**Task requirements:** Retype the listing below exactly, pictures removed.

**Recorded data:**
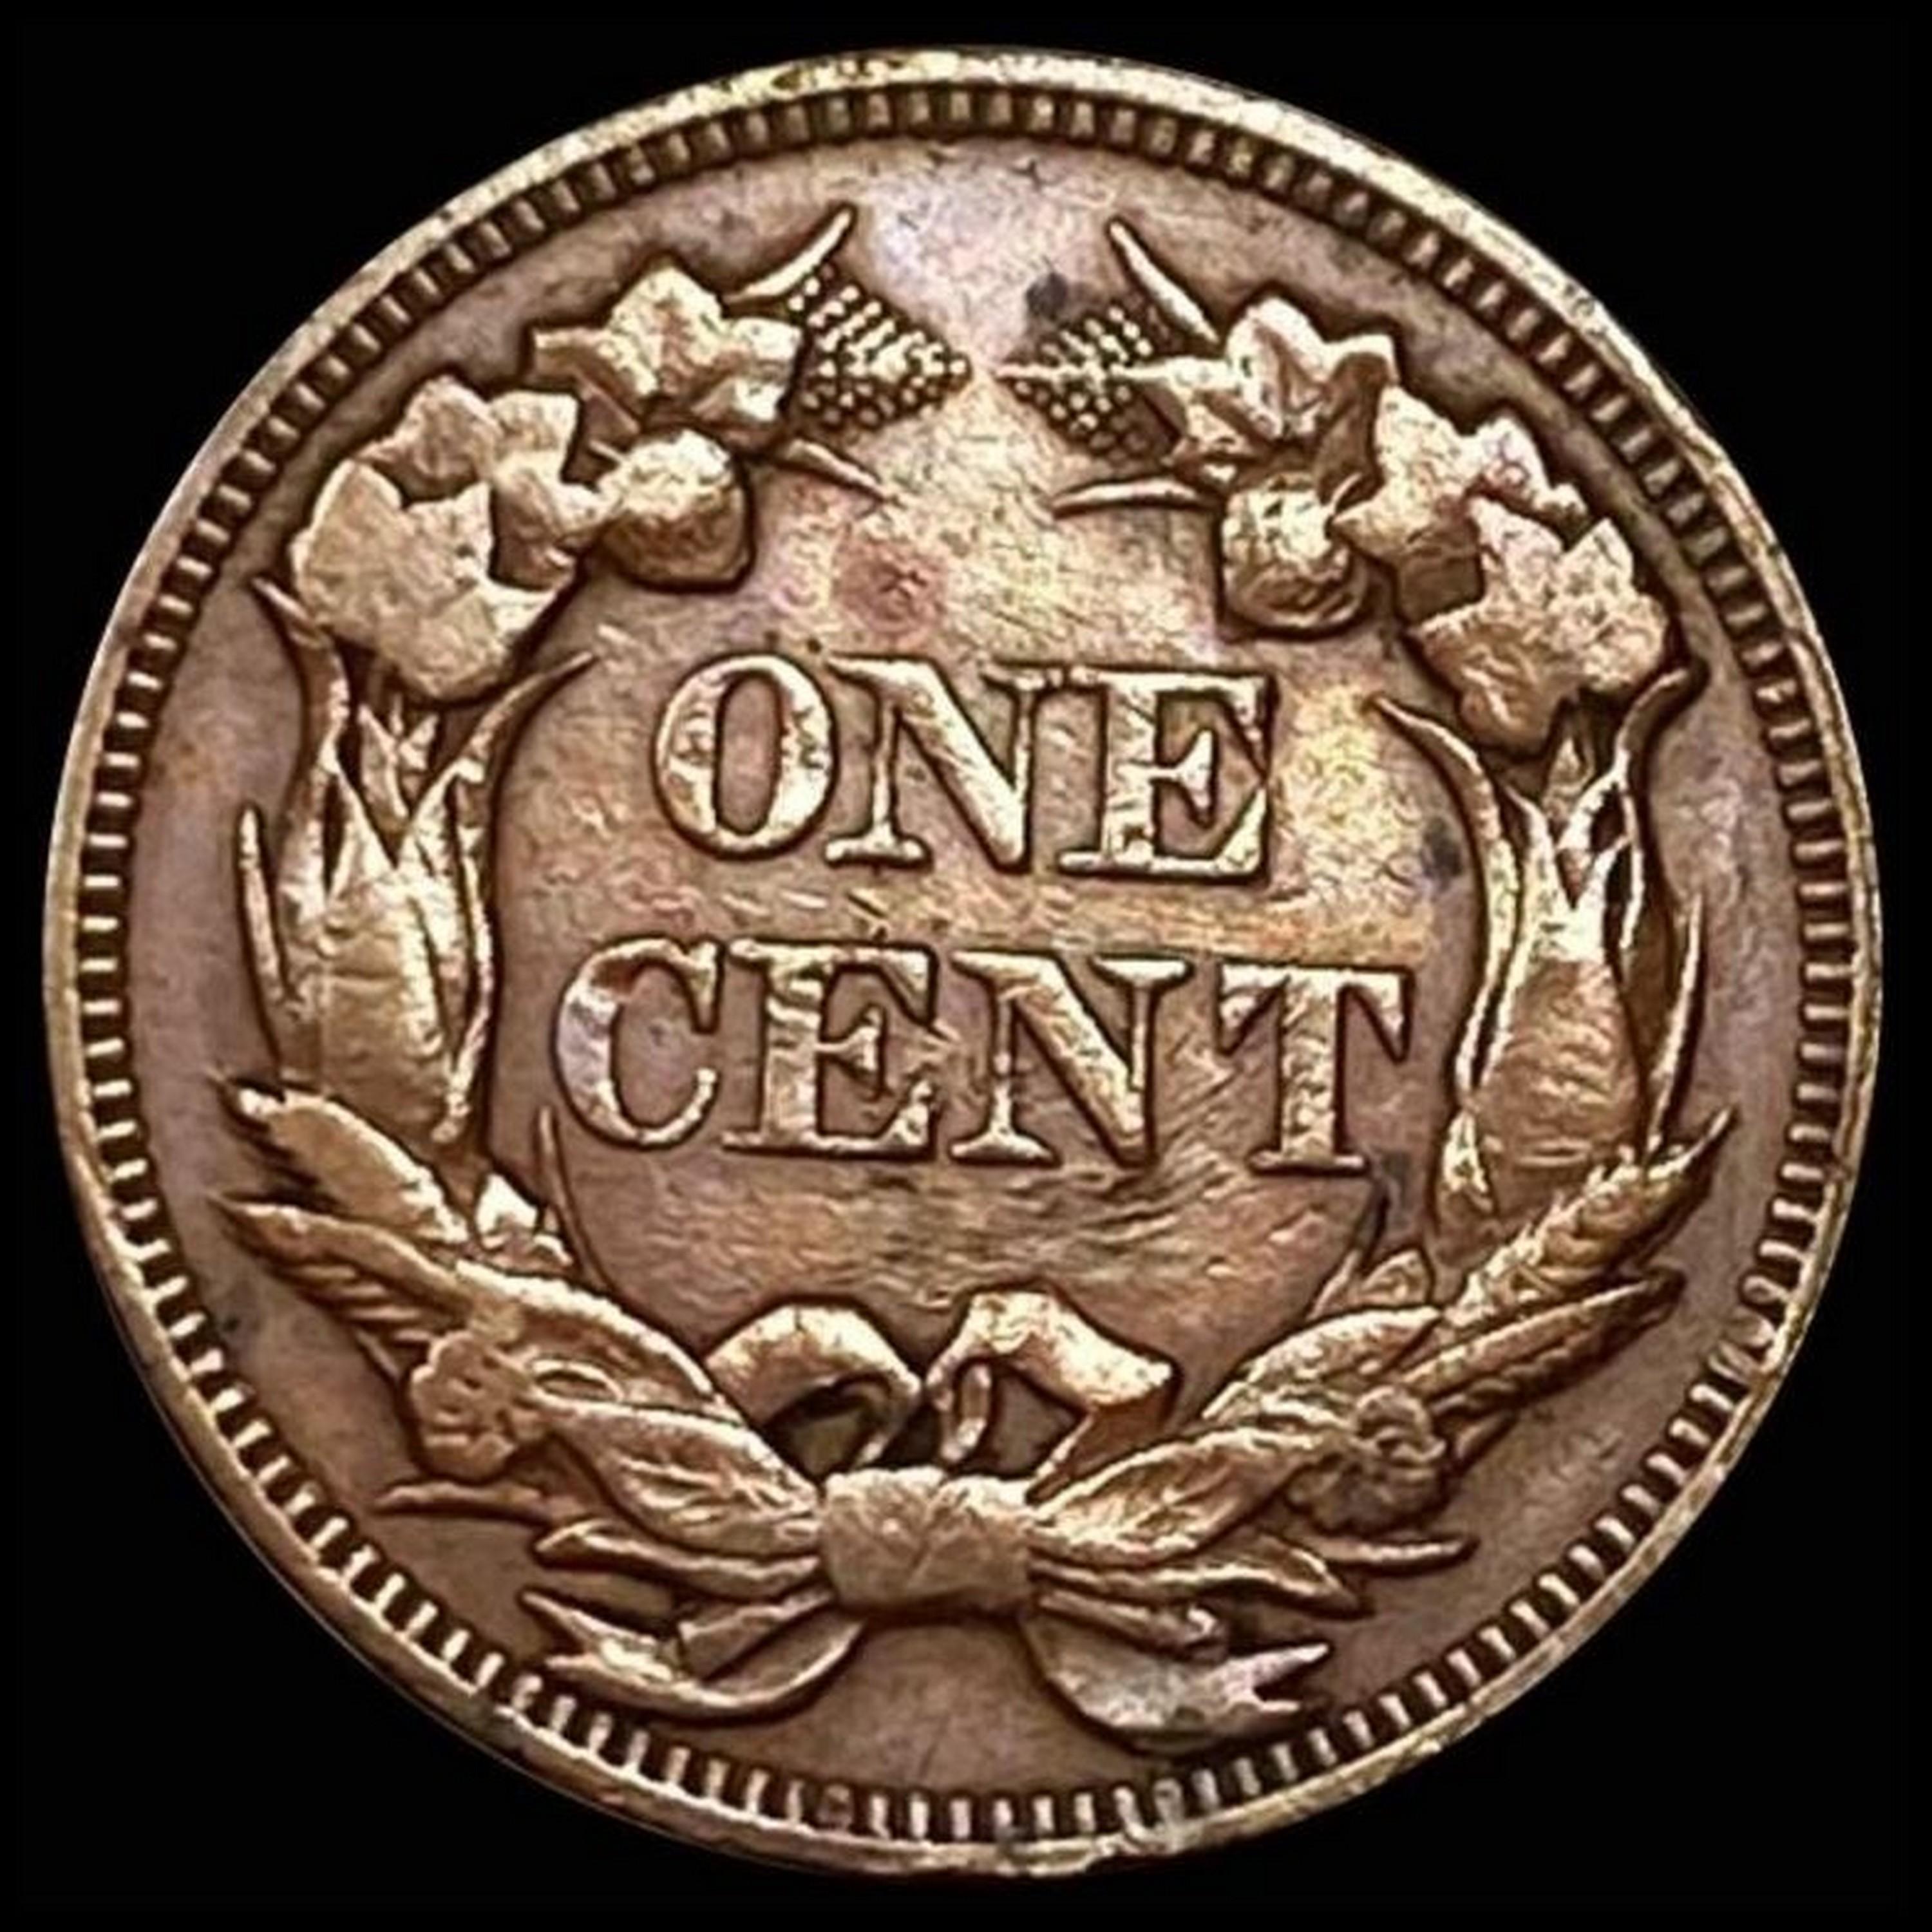 1856 Flying Eagle Cent CHOICE AU
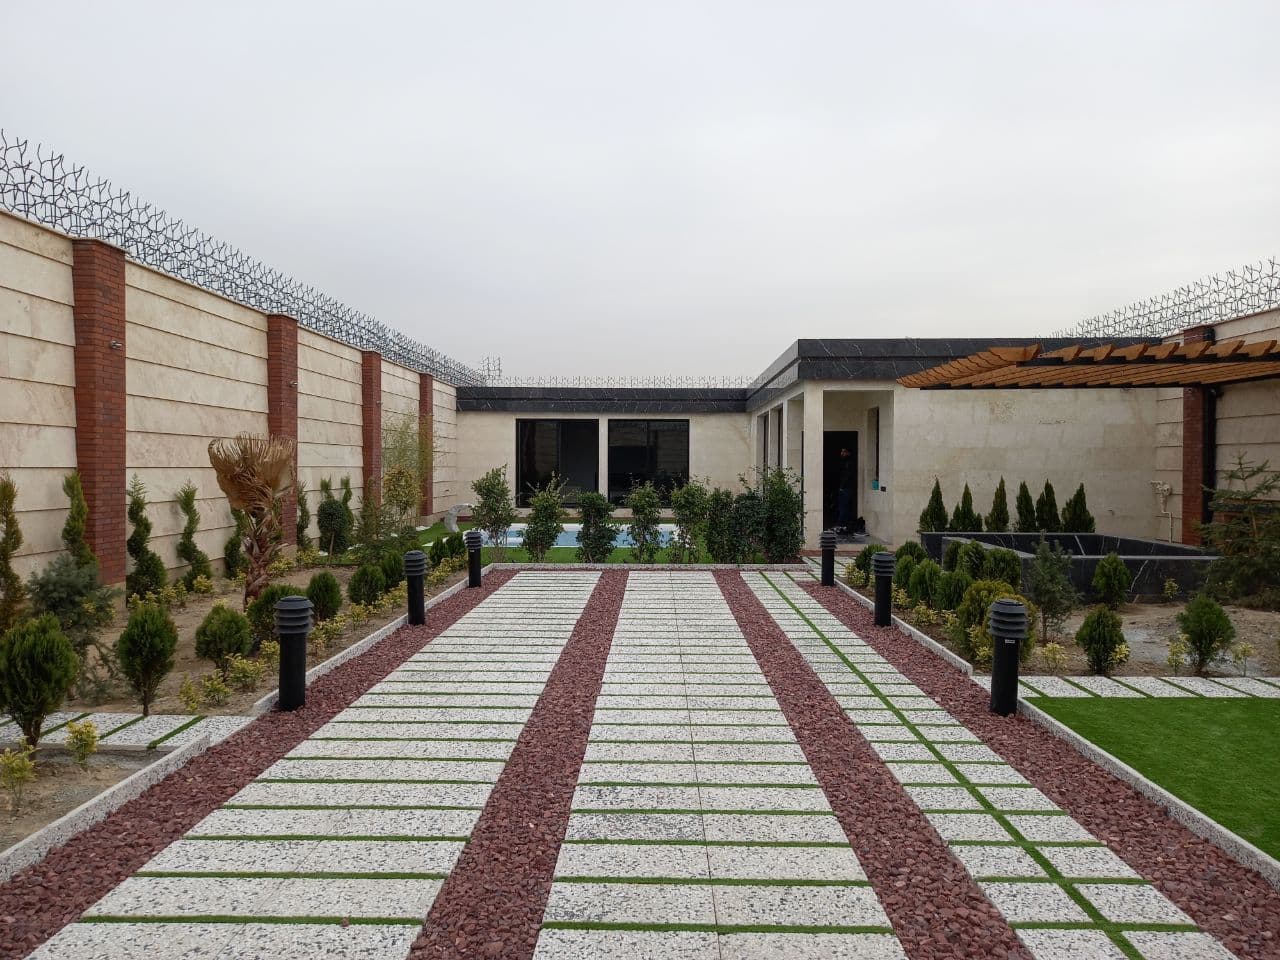 525 متر باغ ویلا با سند تکبرک در شهریار
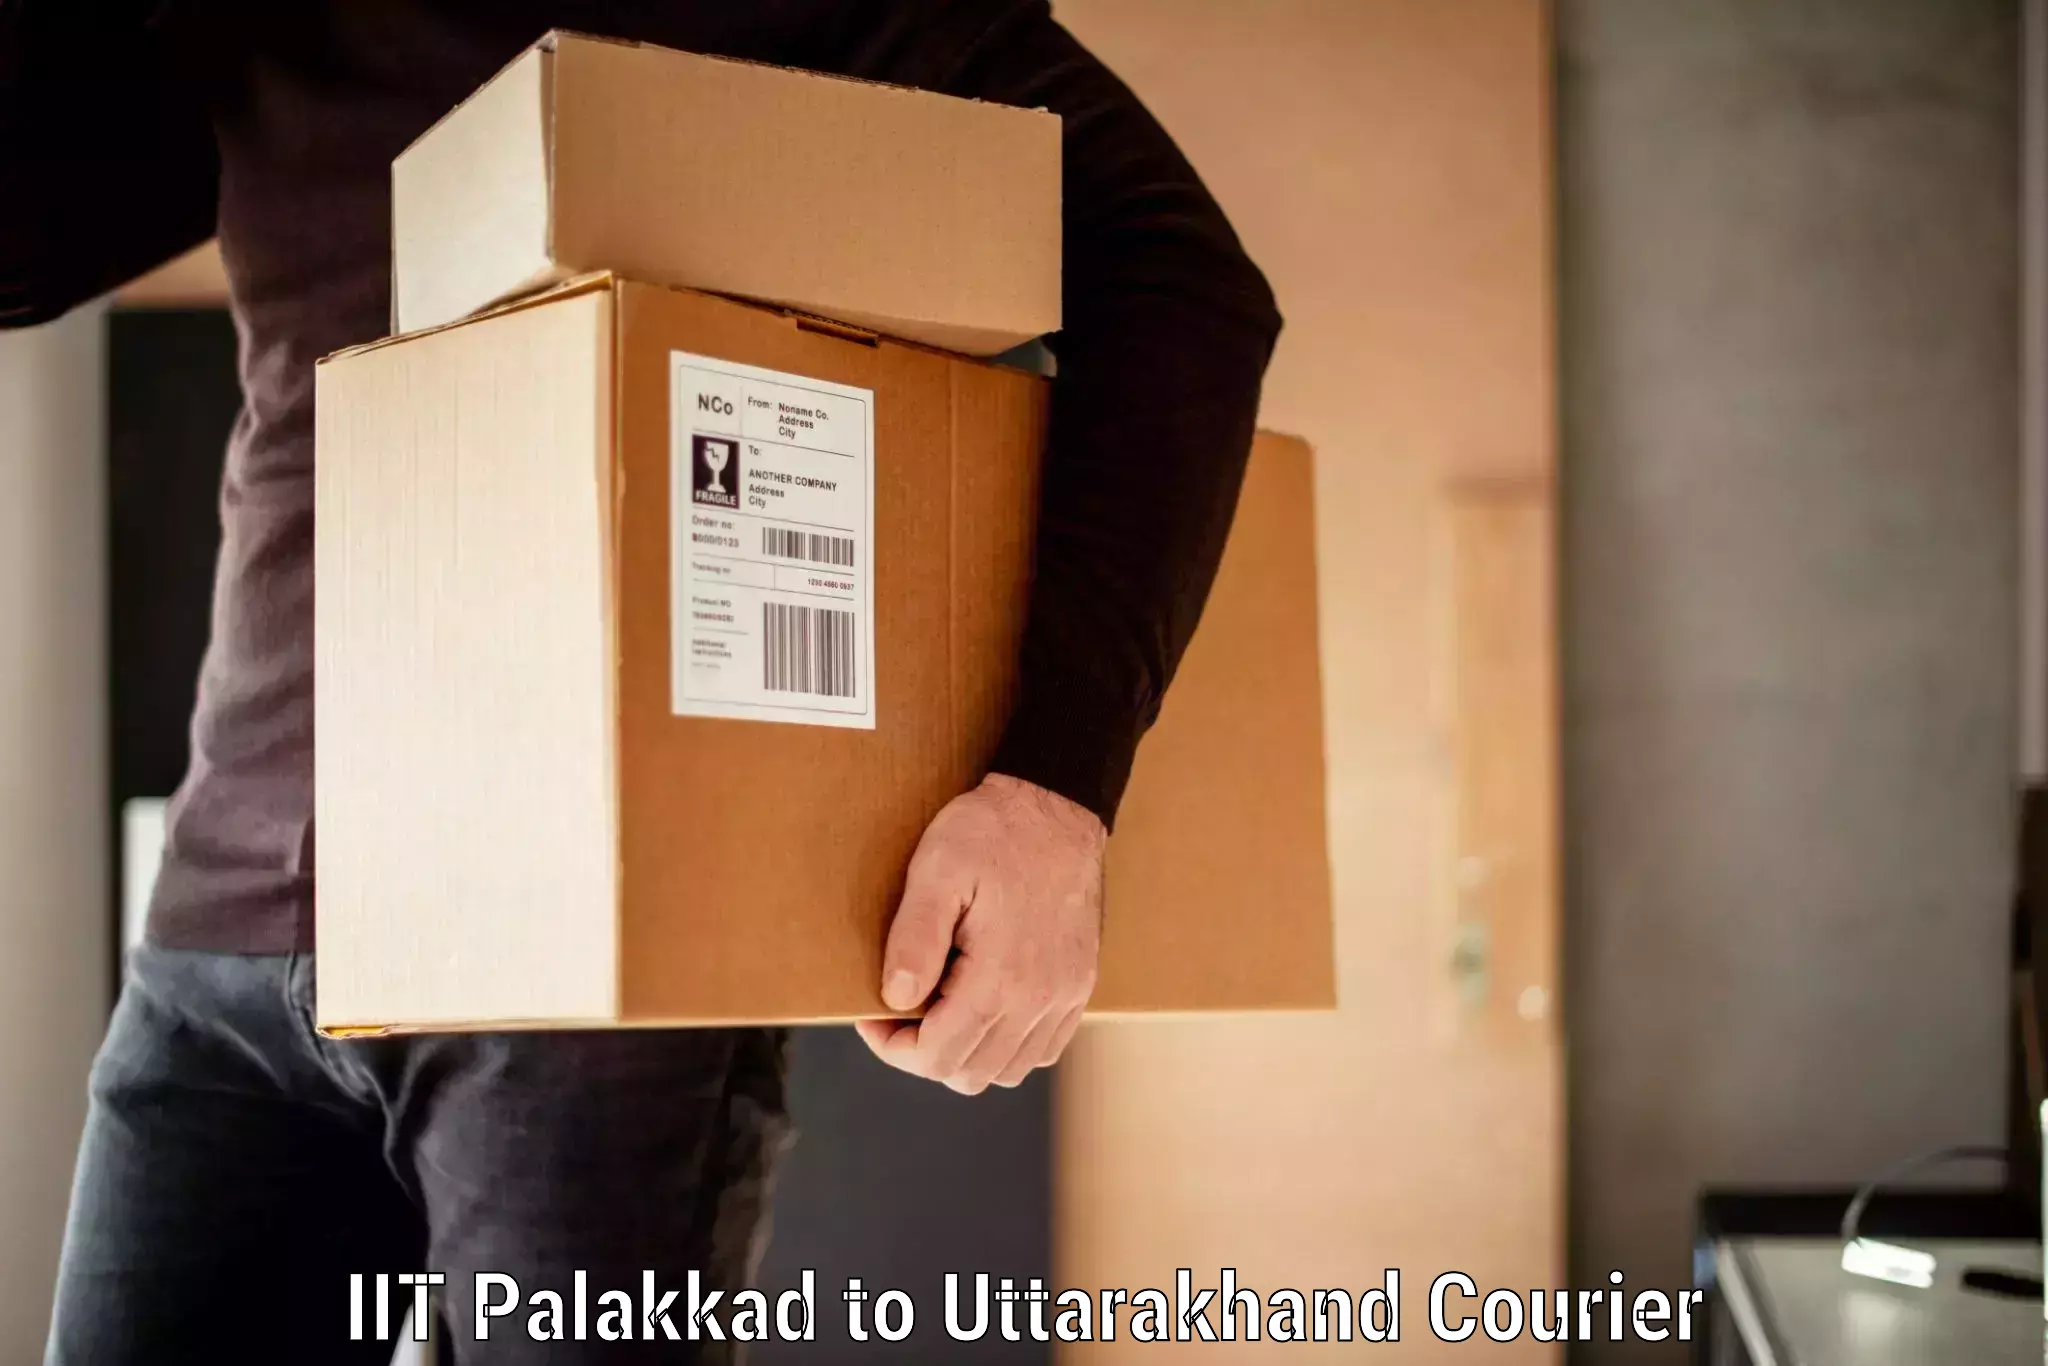 Luggage delivery network IIT Palakkad to Doiwala

**The answer:**
 1856 Flying Eagle Cent CHOICE AU
 525 متر باغ ویلا با سند تکبرک در شهریار
 Luggage delivery network IIT Palakkad to Doiwala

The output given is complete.